Clearly, however, this was by design. As series co-creator David Hoberman once commented in terms of the degree to which Monk’s condition was core to the series, “It’s integral. The idea was that a brilliant detective has severe OCD and phobias. That was the pitch. Despite himself, he is able to solve a case every week.” Indeed, during its run, Monk was promoted with the unflattering tagline, “the defective detective”. Similarly so in terms of the choice of tone for the series, which is in effect a modern cozy. For me, however, mental health and comedy make for strange bedfellows when most of your humour is wrought from the suffering a character endures from their condition, or from the ridicule and discrimination they suffer from others as a consequence.

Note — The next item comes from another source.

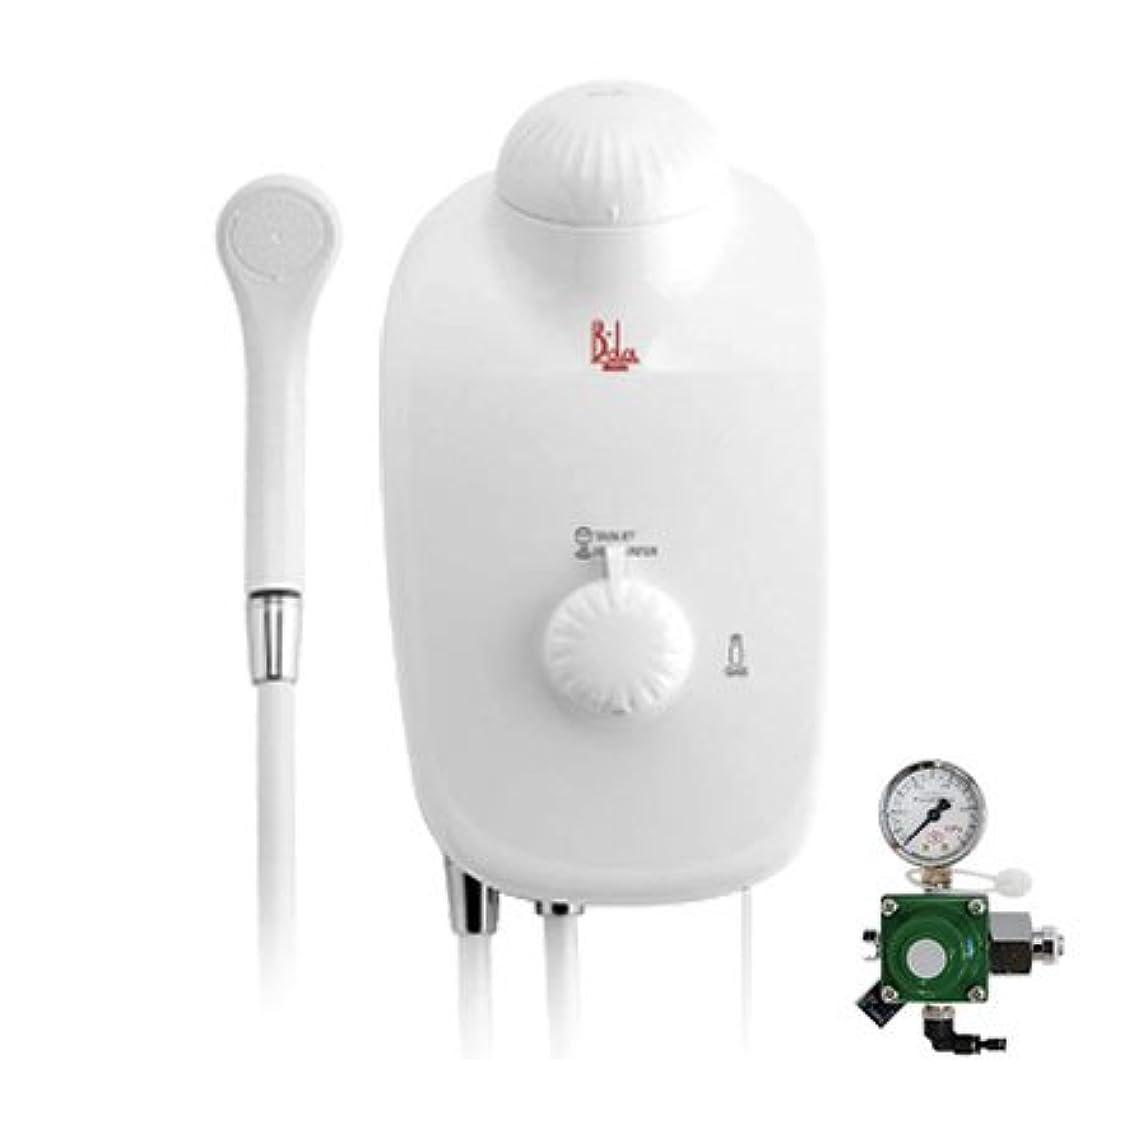 再生不愉快に潤滑する高濃度炭酸泉装置 B-da(ビーダ)本体セット?ガス圧調節器付き
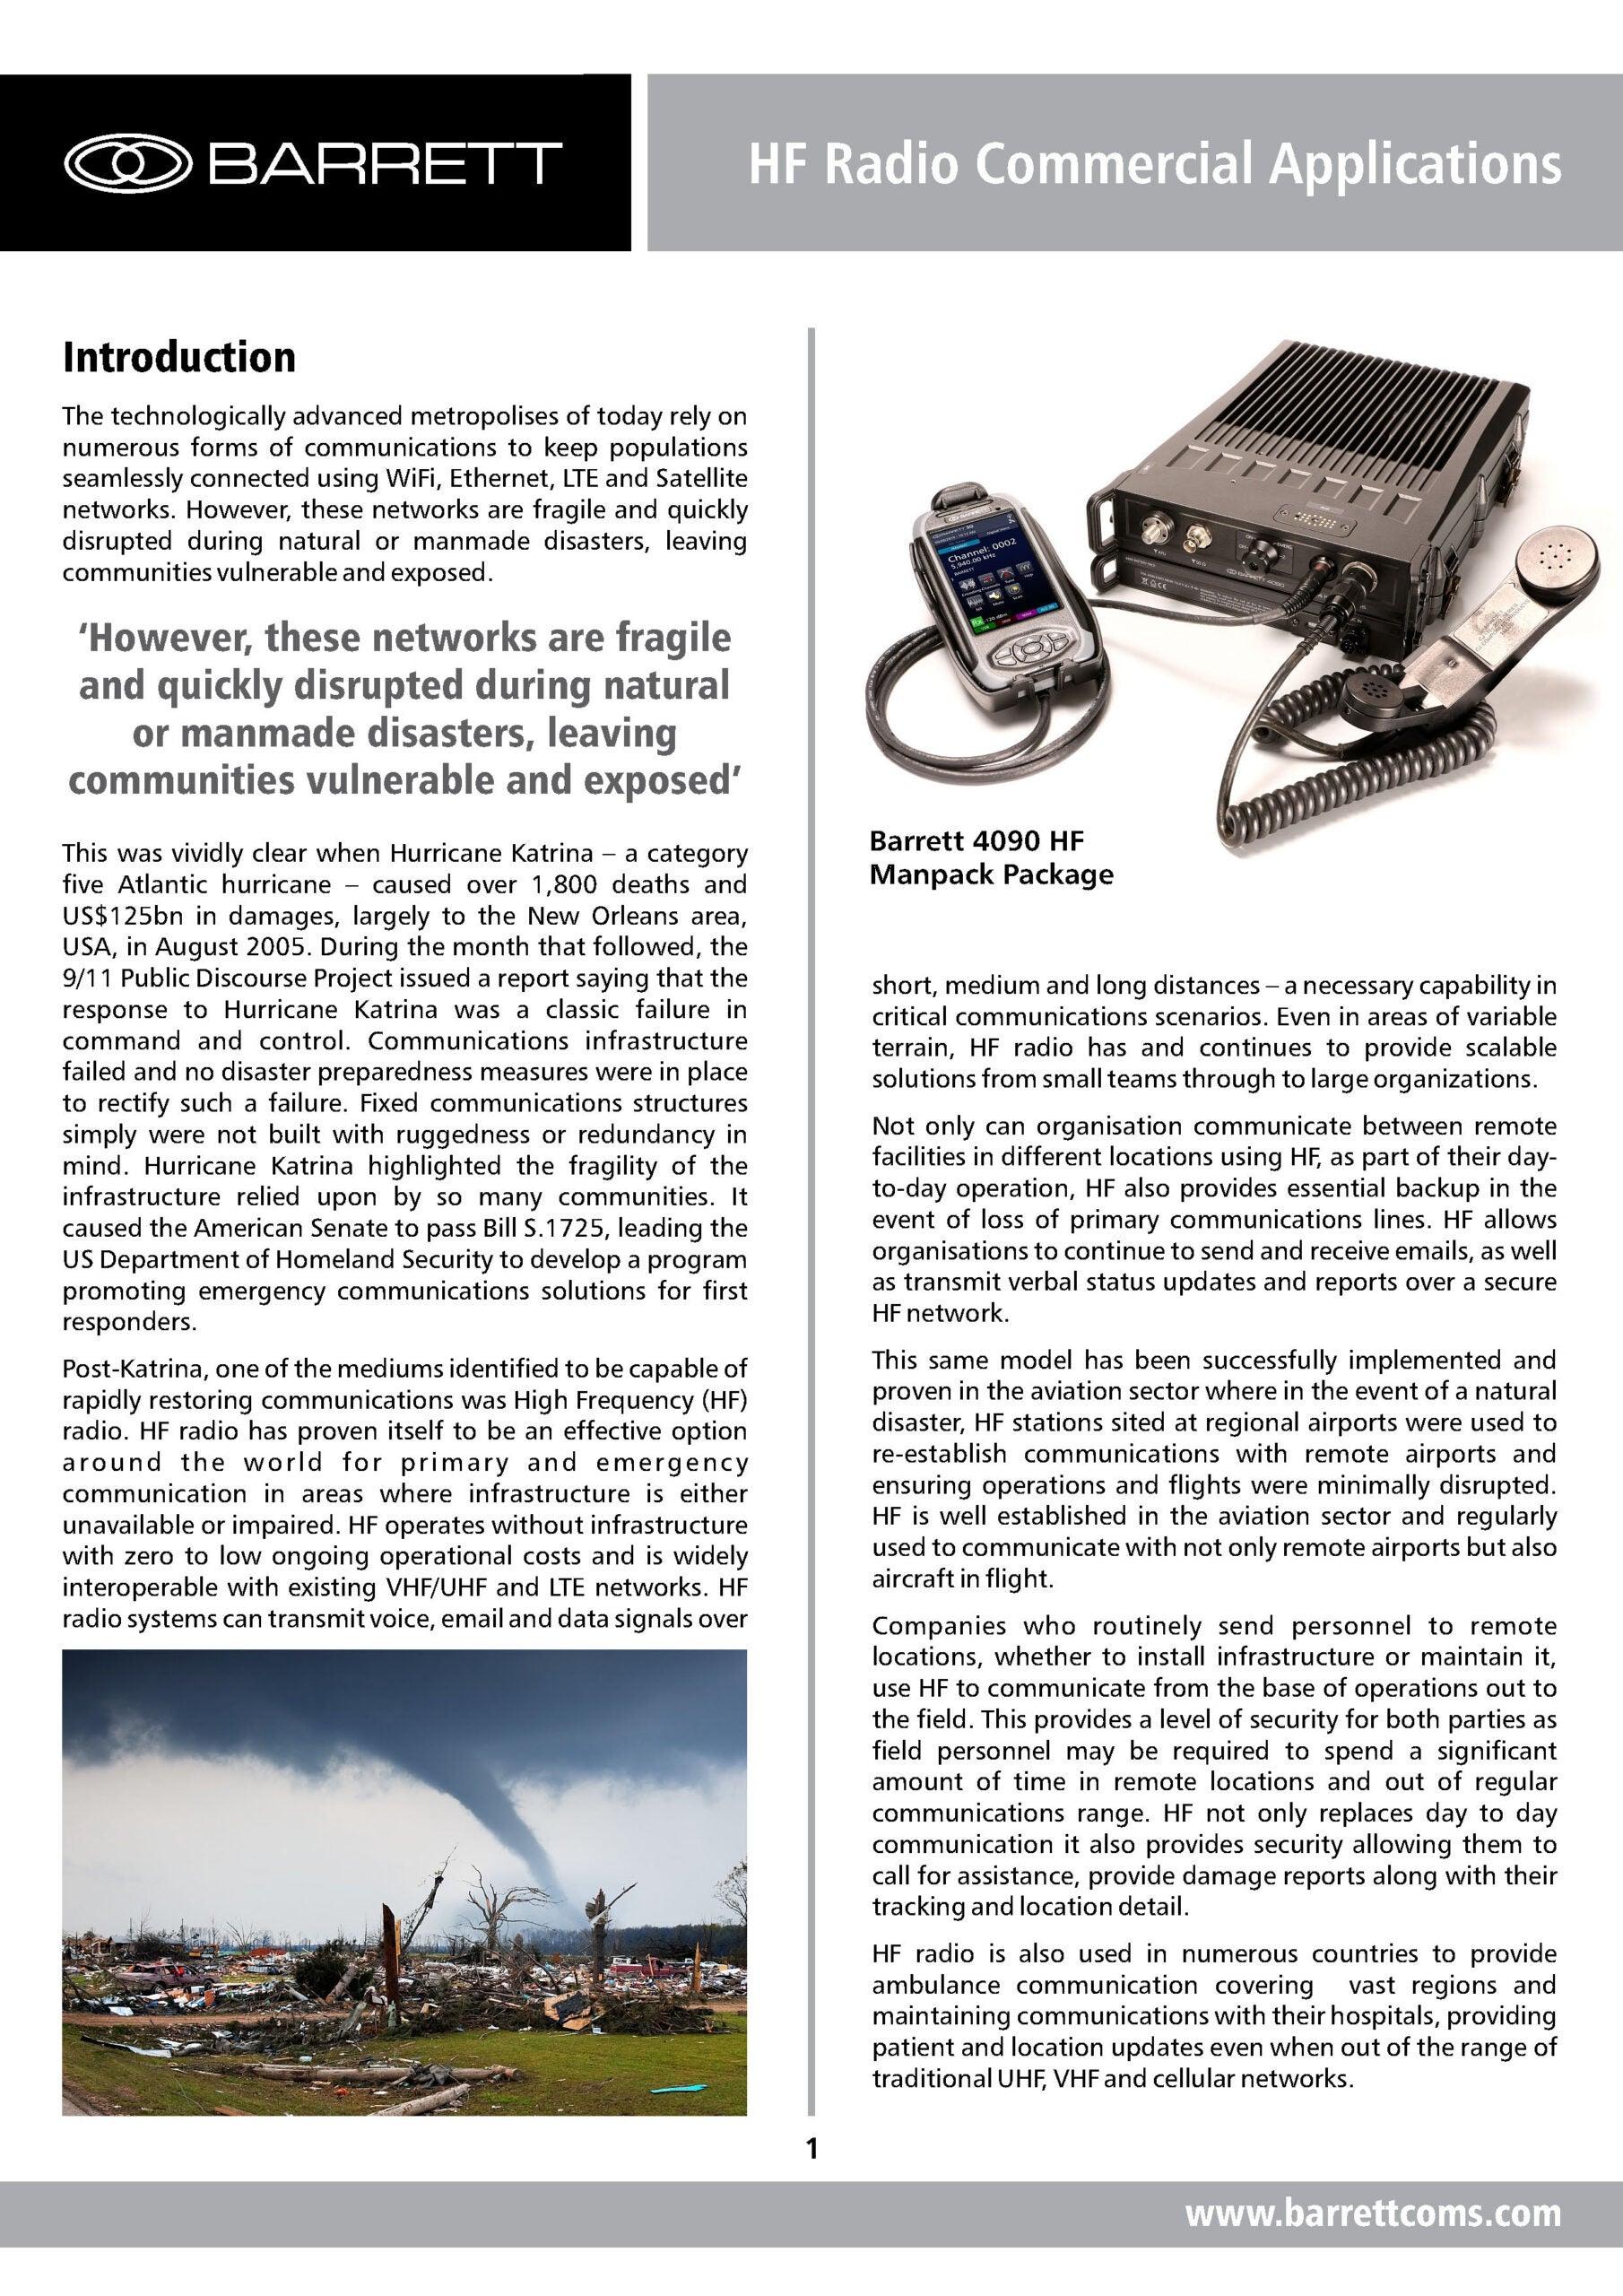 Barrett HF Radio Commercial Applications

So, if Monk’s creators, producers and writers never set out to present their protagonist as an accurately representative sufferer of a severe anxiety disorder in a serious drama, is it fair to criticise them for the same? Does it matter? Well, I would argue that, at this juncture at least, it absolutely does.
I am put in mind of an interview with Russell T. Davies in the current issue of Attitude magazine, in which he discussed how LGBT characters are cast and written today. (For the record, I feel compelled to be crystal clear that I am not for one moment seeking to draw comparisons between mental health and sexuality, merely drawing some parallels in terms of issues with how these are represented onscreen.) Referring to the casting for his current E4 series, Banana—a companion series to the equally superlative Cucumber on Channel 4—he talks about the obligation he felt to represent the transsexual community, and to do so in as authentic a way as possible:
It was a bit of a change for us to cast a trans actor—it’s debatable: did we have to? I think ten years ago you might not have had to. In ten years time we might not have to. Right now, with the temperature of things as they are—the flavour of things as they are—we had to.
Similarly, I would argue that at this point in time—and, indeed, ten years ago when Monk was at the height of its popularity—the degree and extent of understanding of the reality of OCD and, indeed, many other mental health conditions is still so low that writers have a particular responsibility to be authentic in their portrayals. If, at some point in the future, we reach a stage when mental illness is better understood and widely treated with compassion and empathy, then perhaps we can afford to be more relaxed in terms of how it is used in popular storytelling.
Monk is definitely not to my taste, although I may yet delve into its significant back catalogue again at some point. I should acknowledge in the interests of balance, though, that for all my concerns over its blithe inaccuracies and the myths it perpetuates, some may find comfort and inspiration in the series.
Shalhoub and Hoberman once teamed up with the Anxiety and Depression Association of America to launch an OCD awareness campaign, featuring in public service announcements such as this one. Whilst falling into the common trap of over-identifying with the disorder, Shalhoub said, “What I do with Monk is… uncork the bottle and let everything flow. For a lot of people, there is a fear and embarrassment. But people who suffer with the disorder don’t have to be outcasts. They can be and are contributing members of society.” As the L.A. Times concluded in a 2008 article, “If a guy like Monk can make it through the day, and capture the bad guy to boot, just think what any of us might do.”